Я бегала по кабинету и кричала, выплевывала – и снова глотала собственные слова, они царапали мне горло, как корки засохшего хлеба. А потом почувствовала на своих плечах руки, тяжелые и ласковые одновременно. Так когда-то, совсем в другой жизни, обнимал меня отец. Я ткнулась в чуть пахнущий табаком генеральский мундир – и умолкла. Все слова разом кончились.

– Нет, здесь ты не останешься. – Третьяков заговорил тихо, но как-то очень отчетливо. – Мы хотим отправить тебя в Москву. Недавно заключено соглашение, согласно которому все жители Республики, кому нет еще шестнадцати лет, могут без сопровождения взрослых выехать с ее территории в качестве беженцев. Но только если имеется подтверждение, что в стране, куда они выезжают, их согласны принять. Родственники, знакомые, благотворительные организации.

– Помнишь папиных друзей из Москвы, дядю Василия и тетю Светлану? Мы к ним два раза в гости приезжали, и они к нам тоже несколько раз. Ну, еще на пасхальные каникулы в позапрошлом году – ты тогда с их сыном Сережей в зоопарке потерялась. Помнишь? Мы с ними связались, они сказали, что с радостью примут. И официальная бумага от них в гуманитарном центре беженцев имеется. Мы думали, так лучше – для всех.

Дядя Василий какой-то, тетя Света… Причем тут дурацкий зоопарк, почти забытый мною мальчик Сережа и далекая чужая Москва?

– А у меня, значит, и не спросили, как мне-то лучше.

Я вскинула совершенно сухие – слезы все уже кончились – глаза на генерала. Он погладил меня по голове, как маленькую, но сказал жестко:

– Что ж, элементарная логика подсказывает, что последнее слово – за тобой. Решай сама, Марта, только всерьез, по-взрослому, учитывая последствия. И не только для себя.

Я молчала долго. Проклятые эти последствия! И как ни поступи – все равно будут.

– В Москве не знают, каково это, когда твой Город в осаде, когда нет еды, а по трамваям стреляют снайперы. Они не понимают этого. Они русские – и для них я враг.

– Почему же враг? Не они же стреляют. Да и кому, как не тебе, объяснить им, каково это, когда снайперы, снаряды и нет еды.
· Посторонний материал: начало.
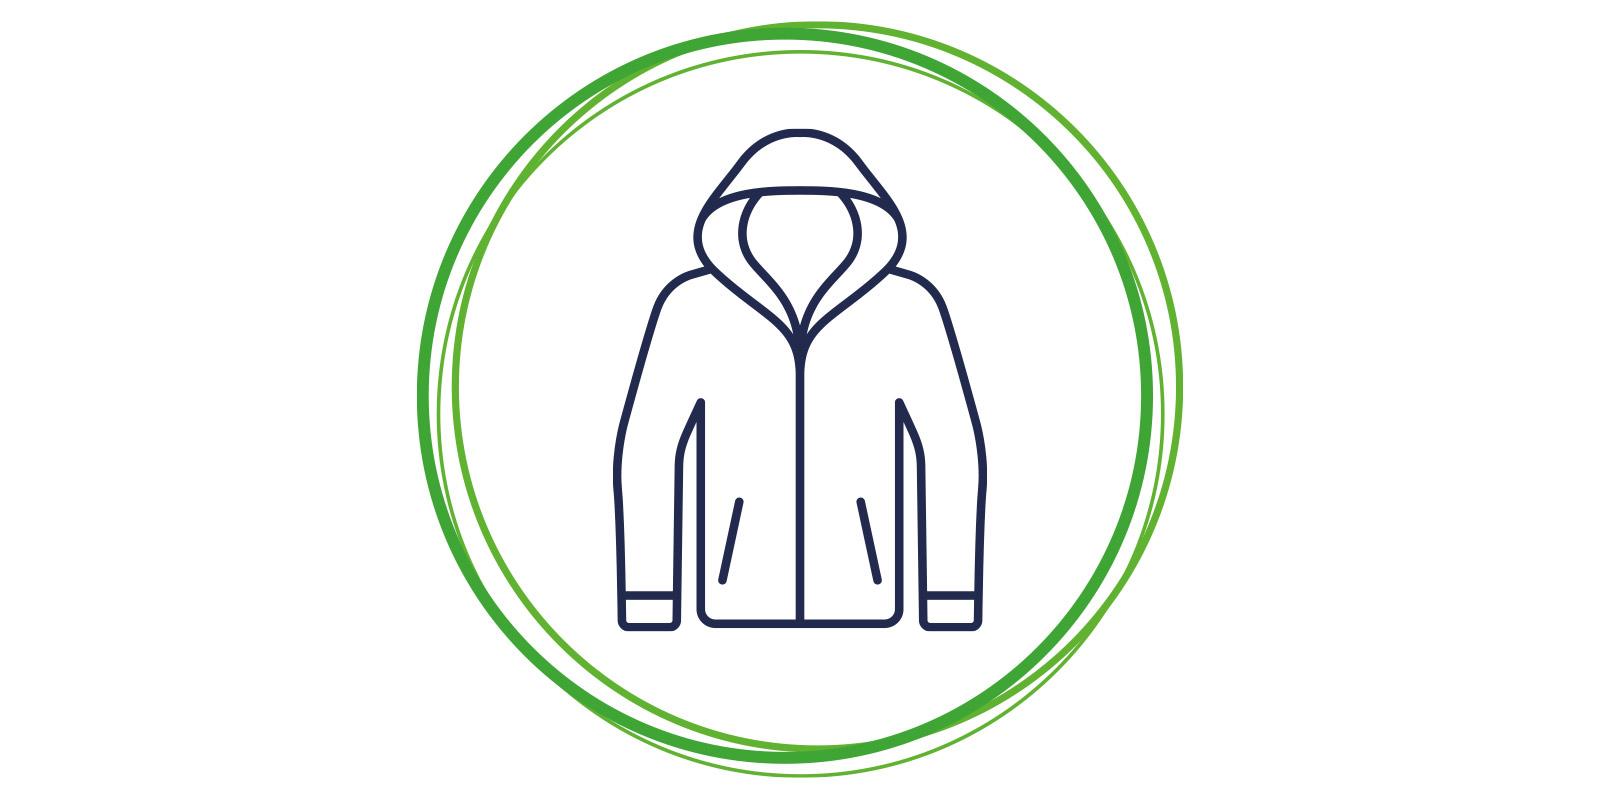 Da- Sweater / Hoodies / Zipper

– Но это словами не передашь, это надо самому испытать, чтобы понять… А если и скажешь, то зачем? Разве от этого будет лучше?

– Ты найдешь нужные слова, я уверен. Уже находила. Я ведь слышал твои стихи – про Синий десант… – генерал будто споткнулся. Потом он заговорил снова, только хрипло. – Они увидят, что ты не враг, а ты – что они не враги. И может быть, это на целую минуту приблизит мир!

– На минуту! Издеваетесь вы, что ли? Значит, я буду в безопасности писать стихи и говорить – как это – миротворческие речи, да? А как же мама, и все наши ребята из школы, а учитель Золис и госпожа Анна, а их ребенок, который еще не родился? Что же, я всех их брошу?

– Минута на войне – это очень много. Пуле нужно мгновение, чтобы убить. Может быть, она, эта добытая тобою минута, и сохранит жизнь кого-то из них.

Господи, это он всерьез – или просто заговаривает мне зубы? Но только выбора у меня не было. Больше не было. Я взглянула на Деда – и сначала вовсе не заметила его в кресле, показалось, что он снова исчез. Но Дед был здесь, просто съежился и стал маленьким-маленьким.

– Дед, а ты? Может, вместе в Москву? В конце концов, ты там будешь своим.

– Не буду я там своим, Марта. Я теперь и в Городе, и в Москве – как заложник. Та самая валюта для обмена. Да, да, подслушивал я ваш разговор, товарищ генерал, далеко не убрался, хоть ты меня и просил. Они же ведь все отца ищут и выдать Трибуналу обещают. А вот здесь – как раз мои знамена, моя родина, моя война. Но ты не думай, про Милку и Томаса, про нашу гимназию, фотографии на первом этаже, про Заречье – я никогда не забуду. Пап, может и от этого война кончится на минуту раньше – ну или хотя бы на тридцать секунд?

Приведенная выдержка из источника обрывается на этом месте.